3188 - A STROMAL ORGANISER CELL THAT DIRECTS NEONATAL SPLEEN REGENERATION Jon Tan1,2 and Takeshi Watanabe3,2 1 The Australian National University, Acton, Australian Capital Territory, Australia; 2 Kyoto University, Sakyo-ku, Kyoto, Japan; 3The Tazuke Kofukai Medical Research Institute/Kitano Hospital, Kita-ku, Osaka, Japan Development of lymphoid tissue is determined by interactions between stromal lymphoid tissue organiser (LTo) and hematopoietic lymphoid tissue inducer cells. A failure for LTo to receive appropriate lymphotoxin engagement during embryogenesis leads to a complete cessation of lymph node and Peyer’s patch development. This identifies LTo as a key stromal population for lymphoid tissue organogenesis. However, little is known about the equivalent stromal cells that induce spleen development. In order to identify cell populations that specifically drive spleen organogenesis, a model for spleen tissue regeneration involving cell aggregate graft construction and transplantation was developed.

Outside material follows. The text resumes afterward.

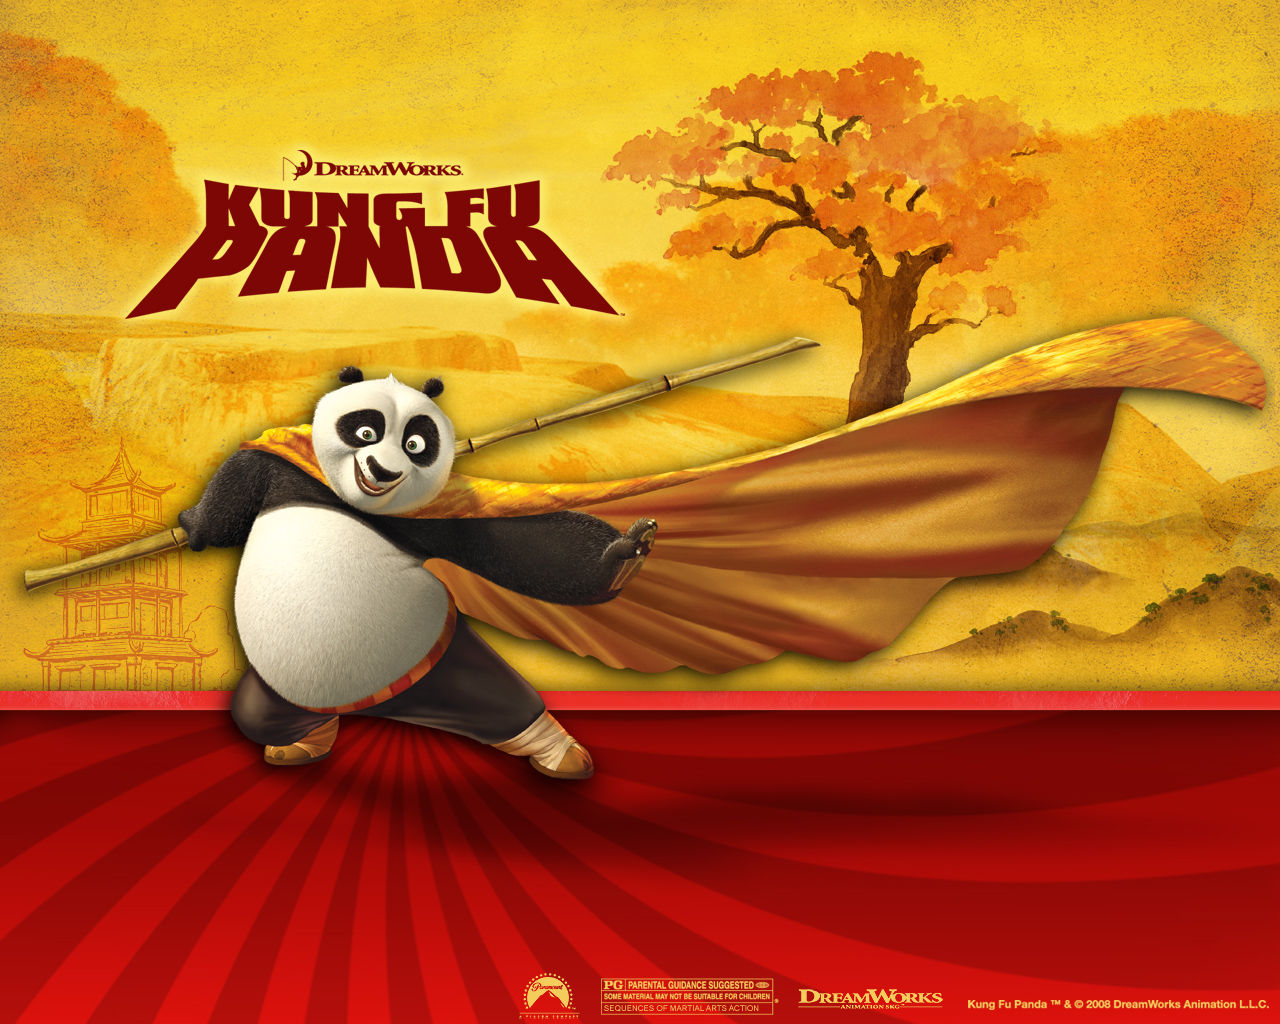 http://3.bp.blogspot.com/-falBtxiTG50/TwBmiO7b2zI/AAAAAAAADhc/1rClex3Bhl8/s1600/Kung+Fu+Panda+023.jpg

Dissociation of neonatal murine spleen stromal tissue into a single cell suspension, followed by aggregation over collagen sheets and transplantation under the kidney capsule of adult mouse recipients, led to the induction of spleen tissue regeneration in a highly reproducible manner. By manipulating the cell input of graft aggregates, a spleen stromal organiser cell-type critical for spleen tissue formation was identified. We now demonstrate that spleen regeneration from neonatal tissue is governed by a lineage of CD45-MAdCAM-1+CD31+CD201+ stromal cells, distinct from previously reported mesenchymal organisers directing lymph node development.